Temat: Napiwki
@Jolu - odwróćmy sytuację. Przyjmijmy, że kilkanaście lat temu w Polsce przestano dawać napiwki. Co byłoby teraz? Pracownicy gastronomii mieliby umowy. Wszyscy. No bo kto pracowałby za darmo wiedząc, że nie dostanie NIC?
Teraz rozumiesz? Dawanie napiwków jest pośrednio wspieraniem chorego stanu rzeczy i, powiem dosadnie, zachętą do zatrudniania na czarno. Dla mnie to patologia.

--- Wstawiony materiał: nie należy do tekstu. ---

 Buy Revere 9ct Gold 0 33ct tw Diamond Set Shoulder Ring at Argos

Kiedyś ktoś wpadł na pomysł "wspomagania" finansowego lekarzy w szpitalach. No bo oni tacy biedni, tak mało dostają pensji a tacy zarobieni. Zgoda, lekarze (i wiele innych grup zawodowych w Pl) powinno dostawać dużo więcej pensji ale finansowe "zapomogi" ze strony pacjentów nie były dobrym pomysłem. Wiemy jaki był tego efekt. I prawdę mówiąc niektórym nadal odbija się czkawką.
Napiwki wprowadzono w XVIII w. Wtedy pracownicy gościńców i zajazdów żyli tylko z tego, bo właściciele nie płacili im nic. No ale wtedy pojęcie legalnej pracy, umowy o pracę, świadczeń socjalnych itd. nie istniało. Teraz jest inaczej i jeśli ktoś uważa, że ci ludzie powinni mieć regularną, uczciwą pensję, powinien odpuścić dawanie tipów. Takie moje zdanie.

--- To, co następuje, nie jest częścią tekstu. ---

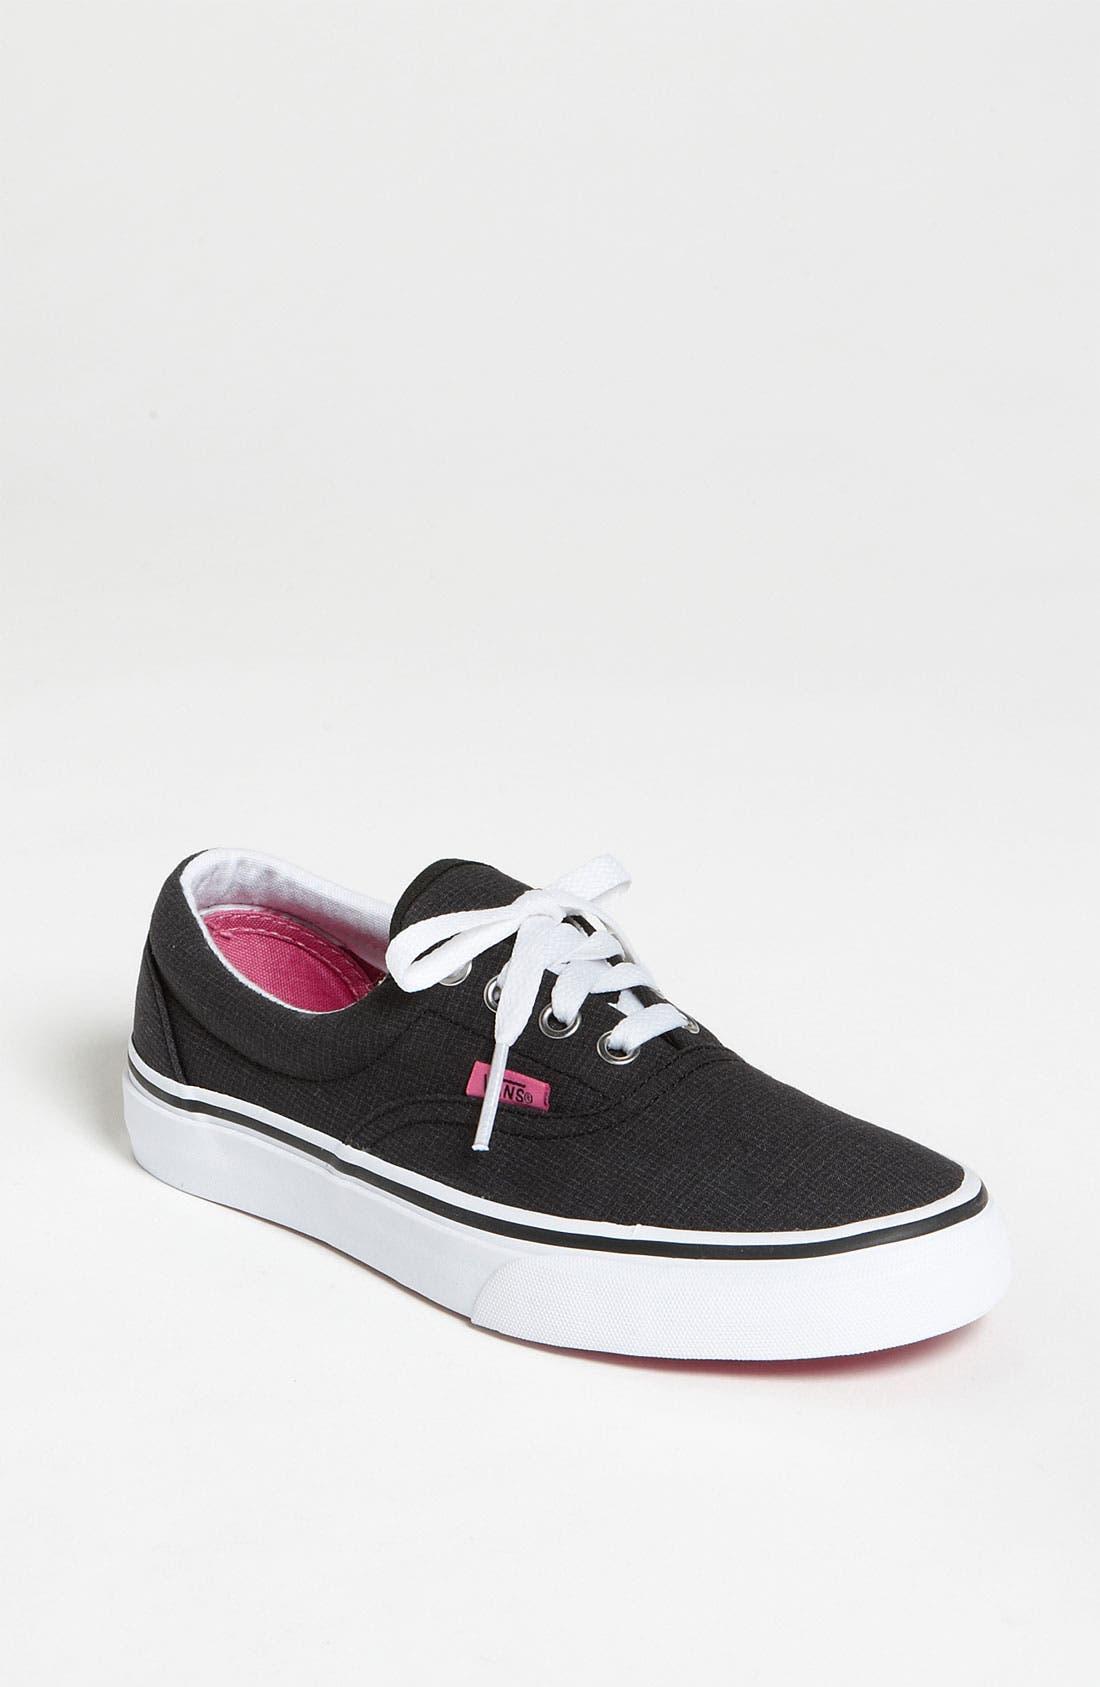 Main Image - Vans 'Authentic - Dressy' Sneaker (Women)

I jeszcze coś. Czytałem w necie parę opinii sfrustrowanych kelnerów, wkurzonych tym, że klienci są, wg nich, skąpi. Jeśli taki kelner nie ma umowy i musi być zależny tylko od napiwków, to pretensje o ten stan rzeczy powinien mieć do... swego szefa. A także do siebie, że zgodził się na takie warunki. Praca na czarno zawsze jest ryzykiem. I, powtórzę się, szarą strefą, na wspieraniu której tracimy pośrednio wszyscy.

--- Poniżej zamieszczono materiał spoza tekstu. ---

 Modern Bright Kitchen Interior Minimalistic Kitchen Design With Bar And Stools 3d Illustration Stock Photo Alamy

A co do Włoch... Byłem 20 lat temu. Kraj niesamowicie zasyfiony (brudny McDonalds, brudni kelnerzy, Tybr to jeden wielki ściek, auta na ulicy pokryte kilkumiesięcznym kurzem, poobijane na maksa), pełen chaosu i prostactwa. No i skorumpowany, chyba bardziej niż Polska. Ich poprzednicy, Rzymianie, stworzyli państwo porządku, z uporządkowanym ruchem ulicznym (to Rzymianie ustalili ruch lewostronny), makaroniarze wszystko to zniszczyli. Tak na marginesie, 2 lata temu byłem w Meksyku (notabene polecam - niesamowty kraj i naród). Meksyk, uchodzący w Polsce za kraj 3 świata, tak naprawdę jest lepiej poukładany niż Polska... i Włochy też ;)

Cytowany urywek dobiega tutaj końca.